The euler project is a website that contains interesting problem that can be solved with mathmatical computation. In this post I will go through several examples and my deatailed answers.
Largest Palindrome Product
A palindrome number reads the same both ways. For example: 1001, 2002, 3443, 4444. And the largest palinrome can be made from the product of two 2-digit number is 9009 = 91*99. The question is to find the largest palindrome made from the product of two 3-digit numbers.
The first step is to write a function that can identify the palindrome among all the numbers. I first convert each product number into string format and reverse the string order to match the number order of original string.

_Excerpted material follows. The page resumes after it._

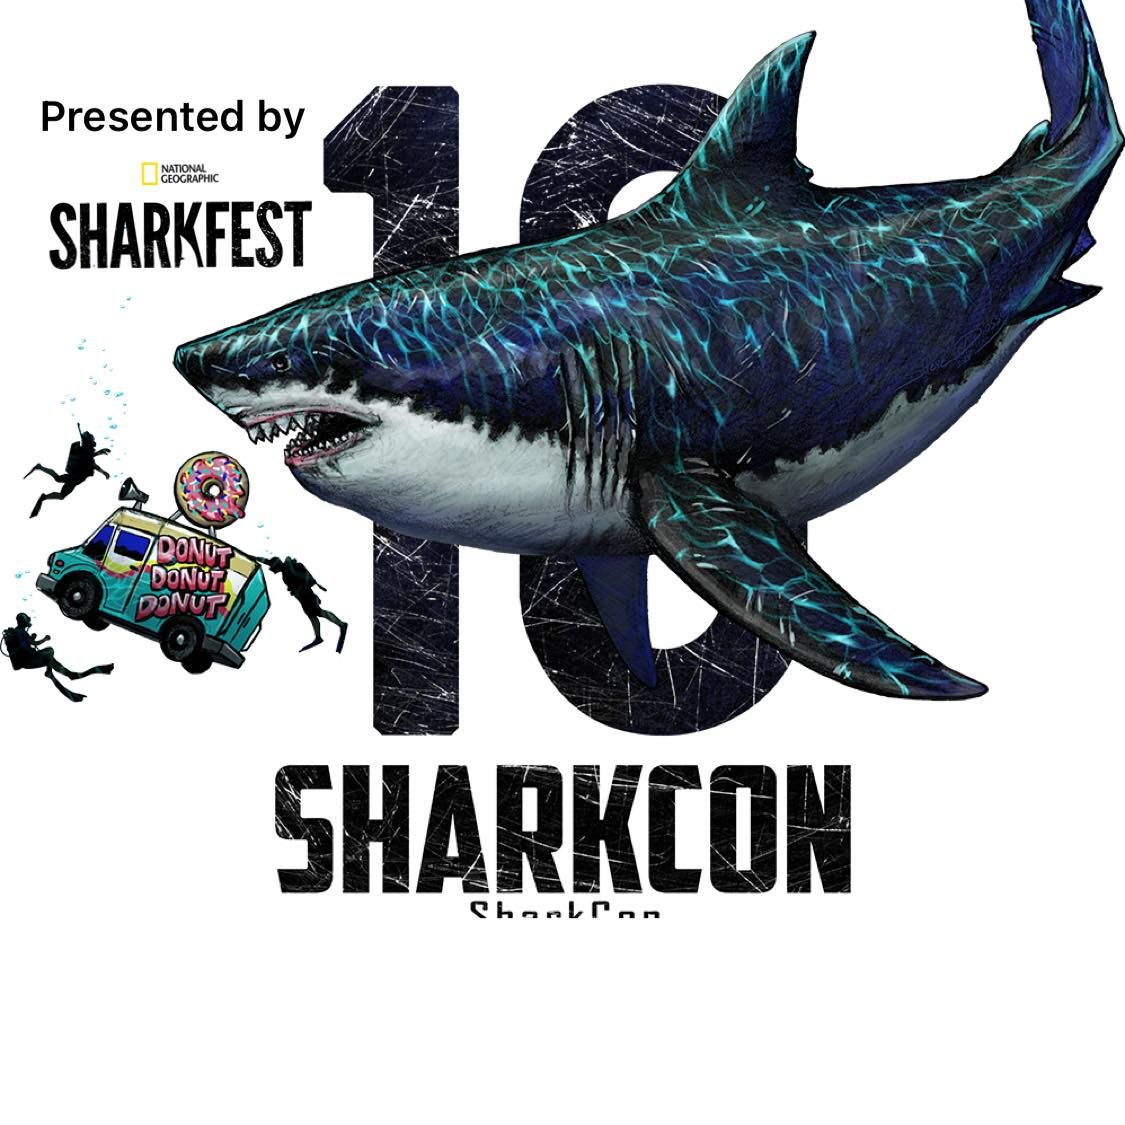 Presented by National Geographic SHARKFEST

# identify each number whether it is a palindrome or not
def is_palindrom(num):
num_str = str(num)
return num_str == num_str[::-1
The second step is to iterate all the possible outcome of the product of two 3-digit numbers. the two numbers are iterate from 999 to 1 decrement by 1 each iteration. if the product of i, j is larger than the current max product, then update the current max product, else, continue.
def largest_palindrom():
max_product = float('-inf')
for i in range(999,0,-1):
for j in range(999,0,-1):
product = i*j
if is_palindrom(product) and len(str(i)) == 3 and len(str(j))==3:
if product > max_product:
max_product = product
return max_product
After running the program. The largest palindrome product is 906609 and two 3-digit numbers are 993 and 913.
Coins Sums
In the United Kingdom the currency is made up of pound (£) and pence (p). There are eight coins in general circulation:
- 1p, 2p, 5p, 10p, 20p, 50p, £1 (100p), and £2 (200p).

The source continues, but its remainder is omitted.